### [Prompt]
Copy the listing exactly as given. Omit every picture.

### [Recorded information]
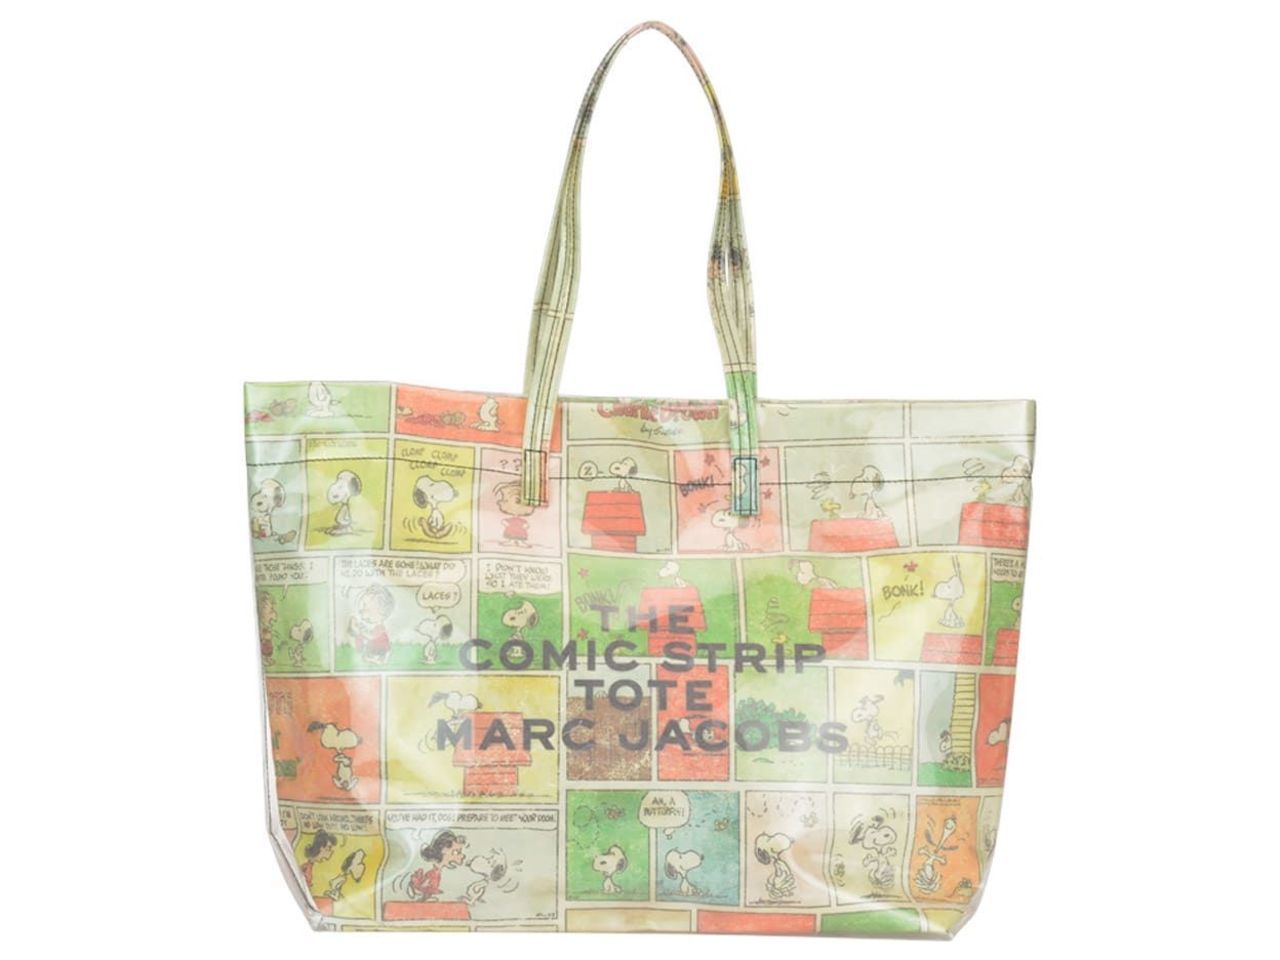 Marc Jacobs The Comic Stripe Tote Shopping Bag
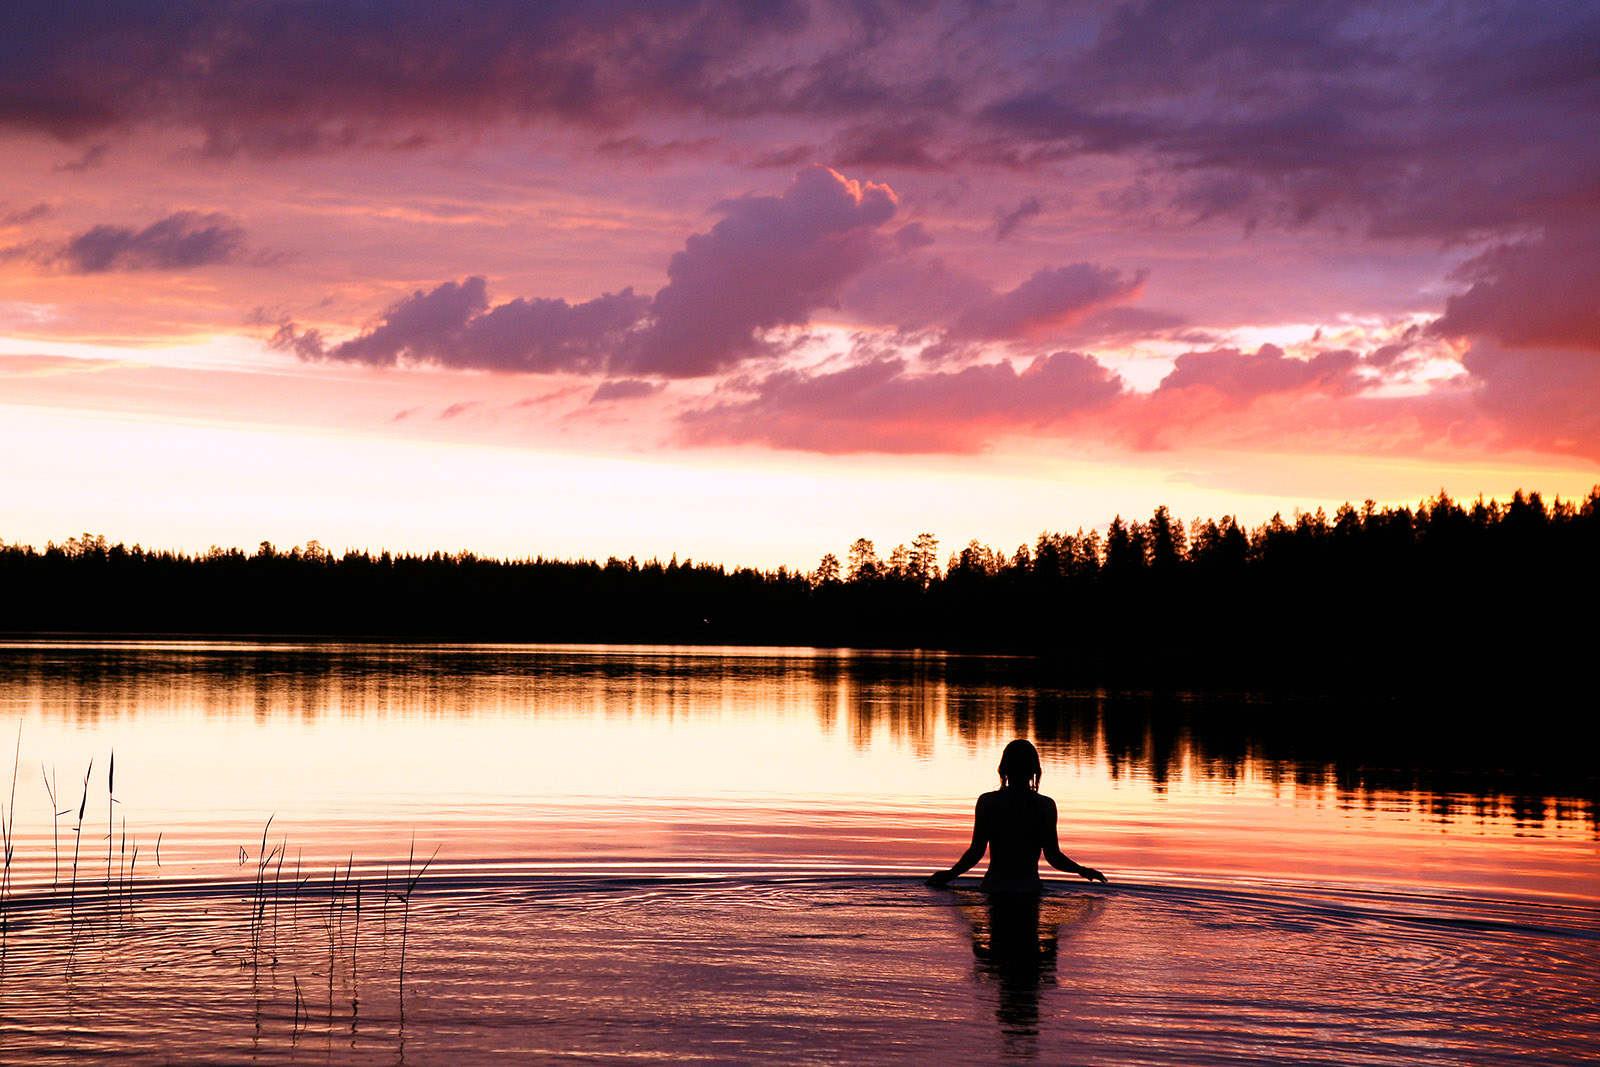 nadando-lago-Purnujarvi-visit-finland-HarriTarvainen.jpg 
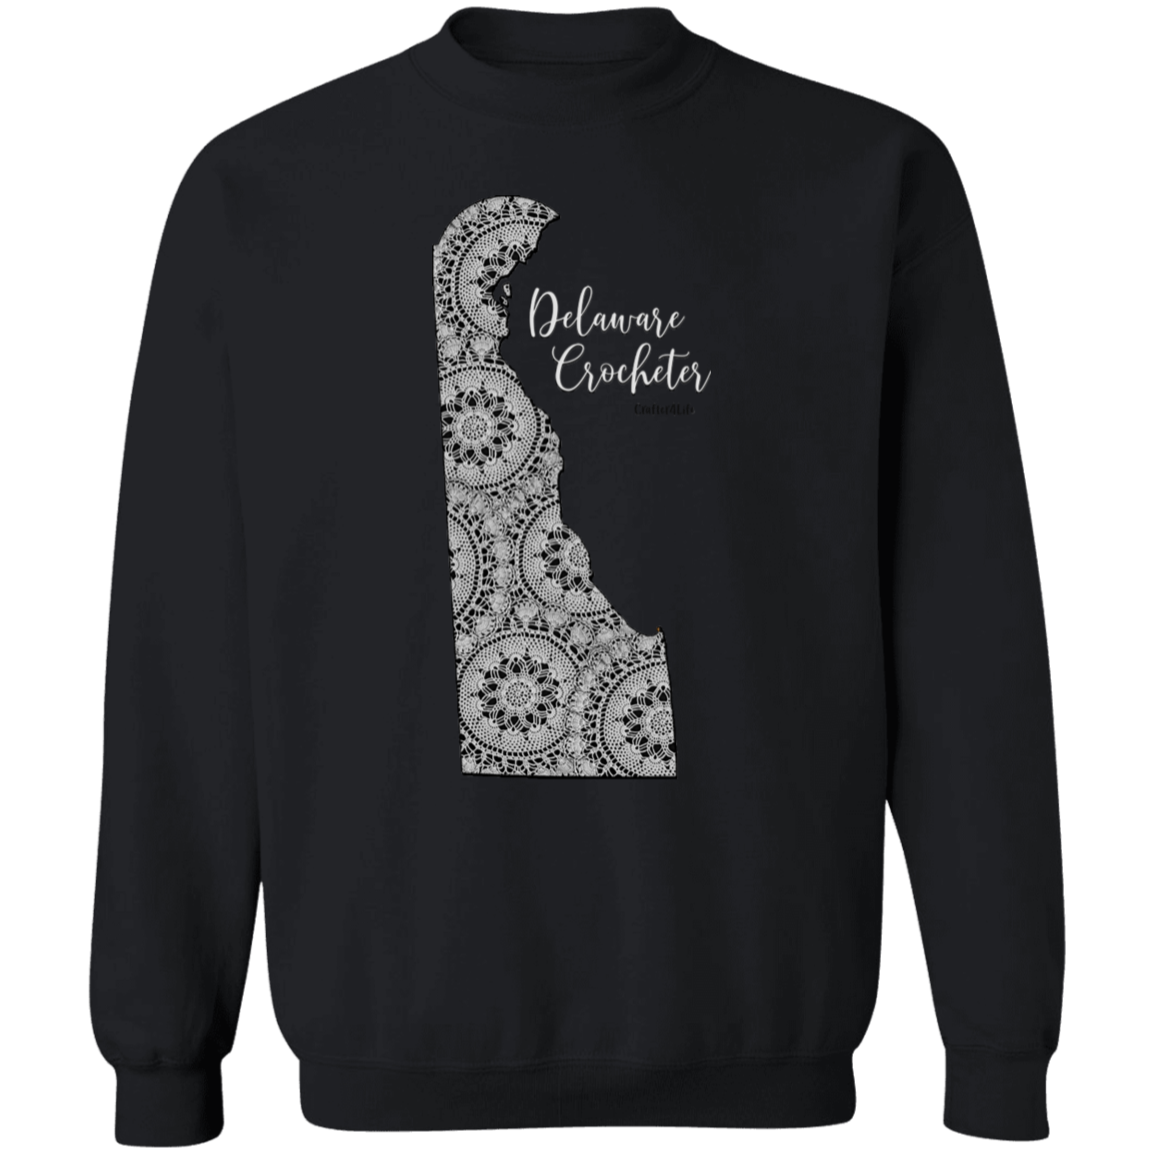 Delaware Crocheter Crewneck Pullover Sweatshirt

### [Exercise result]
 Marc Jacobs The Comic Stripe Tote Shopping Bag
 nadando-lago-Purnujarvi-visit-finland-HarriTarvainen.jpg 
 Delaware Crocheter Crewneck Pullover Sweatshirt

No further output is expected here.